The viola sonata has an interesting history, which I will quote from the
CD's liner notes.

   "she [Clarke] became friends with Elizabeth Sprague Coolidge,
   the American patroness of modern chamber music.  Mrs Coolidge
   had established a festival at Pittsfield, Massachusetts and in
   1919 was having a composing competition for a work for viola and
   piano. There were 73 entires, all entered anonymously.  The six
   judges were equally divided between two works, the casting vote
   being given to Mrs Cooldige who chose what turned out to be
   Bloch's Suite for viola and piano. The jury insisted that the
   runner-up be indentified ... "And you should have seen their
   faces when they saw it was written by a woman" Mrs Coolidge later
   told Clarke."

The sonata may be surprising in that a pre-eminent violist wrote her
only sonata in which the viola and piano share the limelight.  The
numerous variations on her theme are audibly recognizeable, unlike many
20th century variations which in my mind require studying the score to
understand that the music is in fact a theme and variation.  The sonata
strikes me to as unpredictable, but achieves unpredictability in a
musically and emotionally satisfying way, and not in a determined effort
to be probabilistic.

Clarke's best known work, her piano trio, ranks in my mind with the
greatest of the genre: here she need not take second seat to Schubert,
Beethoven, Brahms, or Shostakovich.  It exercises nearly the full dynamic
range of the instruments, but without dramatizing that it is doing so.
The work is not for the faint of heart: its rhythmic complexity combined
with its effective use of dissonance help make it a hugely powerful work
with drama, mystery, and a sense of terror worthy of Shostakovich.

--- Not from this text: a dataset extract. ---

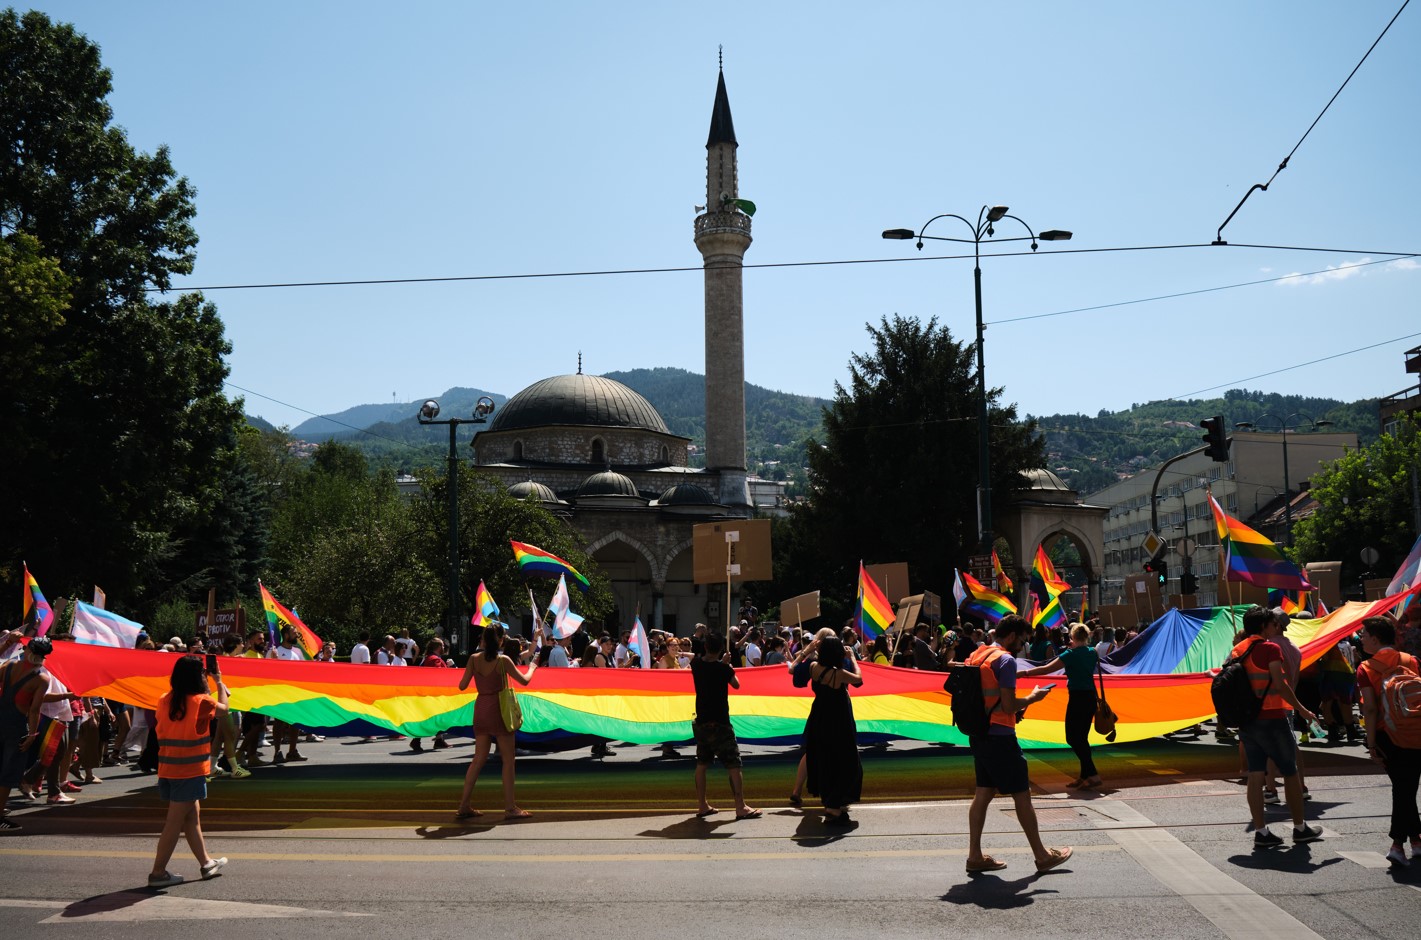 Europäisches Parlament nach Albanien und Bosnien und Herzegowina: Übernehmen Sie die LGBTQ-Ideologie, wenn Sie eine EU-Mitgliedschaft anstreben

Regarding the question of why Clarke did not compose more, she gave an
answer of sorts in an interview that is excerpted in an excellent article
by musicologist Liane Curtis that appeared originally in The Musical
Times in May 1996 (http://www.rebeccaclarke.org/identity.pdf).

"I wanted to, but I couldn't.  I had lots of sketches of things.  I know
and I miss it, because there's nothing in the world more thrilling- or
practically nothing ...  But you can't do it - at least I can't- maybe
that's where a woman's different - I can't do it unless it's the first
thing I think of every morning when I wake and the last thing I think
of every night before I go to sleep - I've got to have it in my mind all
the time and if one allows too many other things to take over one is
liable not to be able to do it, that's been my experience."

Clarke was greatly esteemed for her playing in chamber music; her partners
included Arthur Schnabel, Casals, Thibaud, Artur Rubinstein (who referred
to her as "the glorious Rebecca Clarke"), Percy Grainger, Myra Hess, and
George Szell.  Nevertheless, history should remember her most for her
splendid, but lamentably few, compositions.